Можно было уйти с цыганом. Вот только не хотелось Сашке  покидать избушку и возвращаться в город. Здесь ему было хорошо. Днём он загорал или слонялся по острову. Забирался в такие дебри, где, наверно, и дед не бывал. Бывало, ходил на песчаный берег Двины, бросал донки, следил вполглаза за проходящими мимо моторками и катерами, за рыбачащими на «шаромыгу» горожанами в дорогих надувных лодках.

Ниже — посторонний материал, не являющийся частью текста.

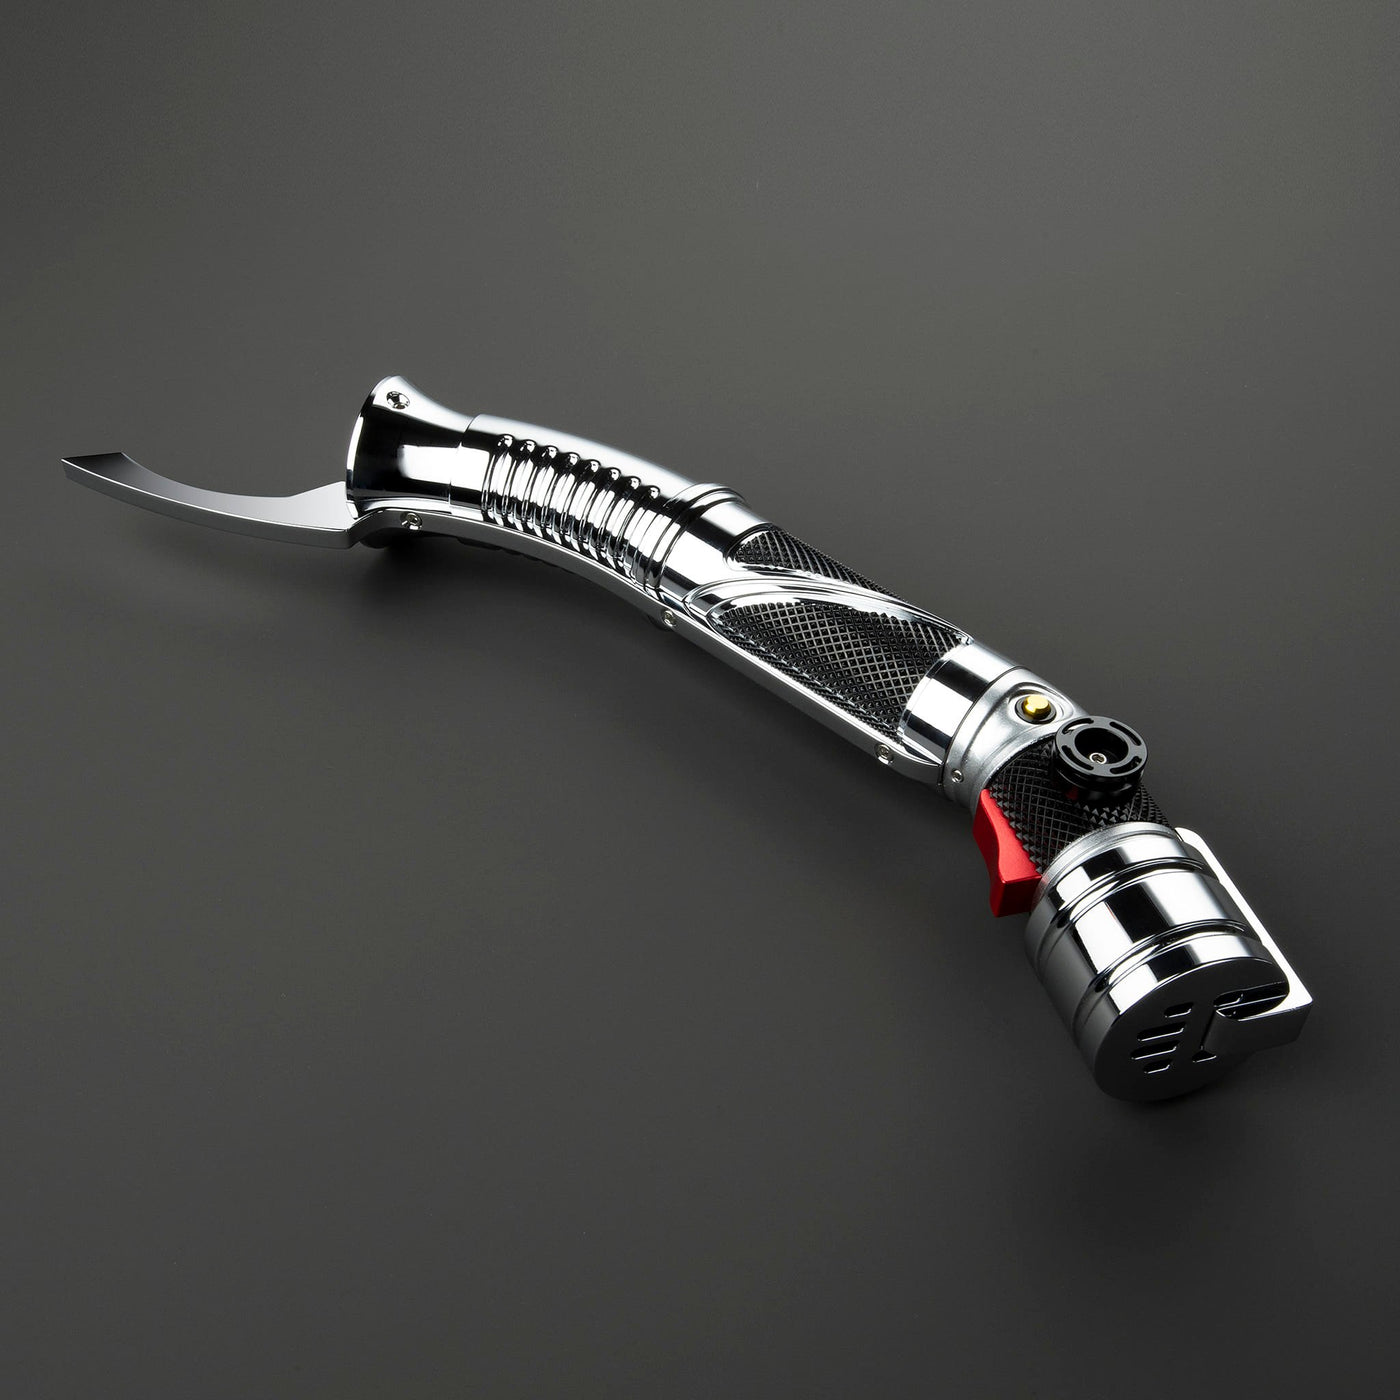 Counts Curve (Pre-Order) - KenJo Sabers - Star Wars Lightsaber replica Jedi Sith - Best sabershop Europe - Nederland light sabers kopen -
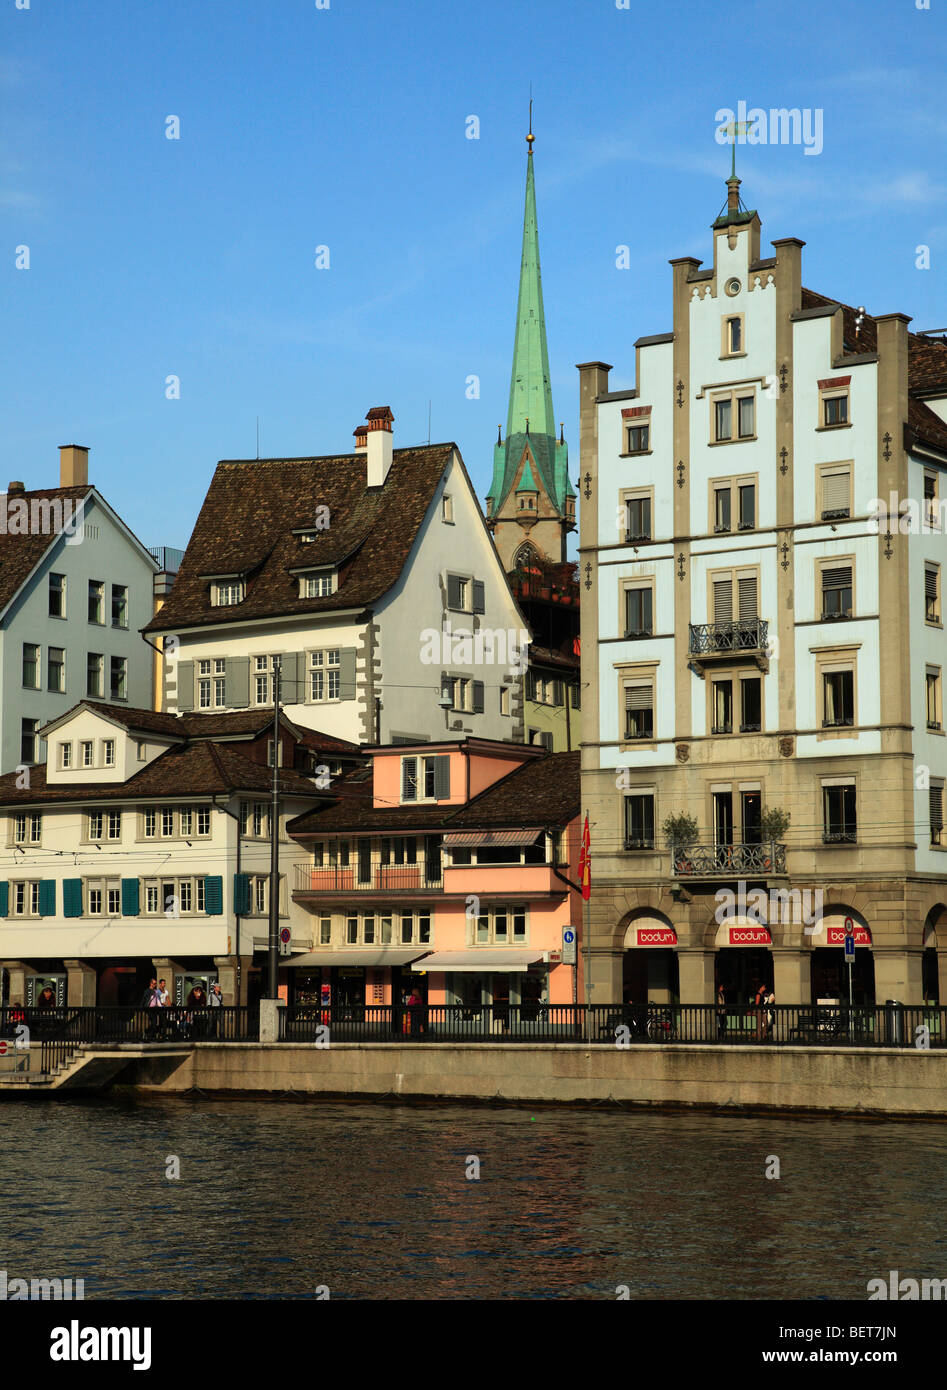 Switzerland, Zurich, Limmat Quai, river, street scene, architecture Stock Photo

Однажды под вечер на берег неподалёку от развалившегося на песке Сашки вышел медведь, потянул воздух, равнодушно посмотрел на струхнувшего пацана и пошёл вдоль кромки воды. Вернувшись в избушку, Сашка собрал стратегически важные припасы и подвесил на сосну. Впрочем, мишка был давно известен местным жителям, привык к людям и обходил их стороной.
*
Сашку разбудили голоса. Спросонья, он не сразу понял, что около его жилища чужаки. Прислушался.
– Давай заглянем, может, есть кто.
– Понятно, что есть. Рыбаки с того берега, наверно. Вон и сеть на озере, видишь поплавки?
Пережду, подумал Сашка. Пройдут мимо.
– Давай заглянем! Вдруг знакомые.
В дверь избушки постучали.
– Эй! Есть кто?
– Ну, есть.
Пахнуло табаком. Сигареты у Сашки давно кончились. Чёрт с ними, выйду. Может,  куревом угостят.
Дверь приоткрылась.
– Погодите, сейчас!
Сашка выглянул наружу, прищурился от яркого солнца.
– О! Санёк! Вот это встреча! – обрадовано крикнул Рустам. Даже в ладоши хлопнул.
– Привет, – нахмурился Сашка. – Чего вы тут бродите?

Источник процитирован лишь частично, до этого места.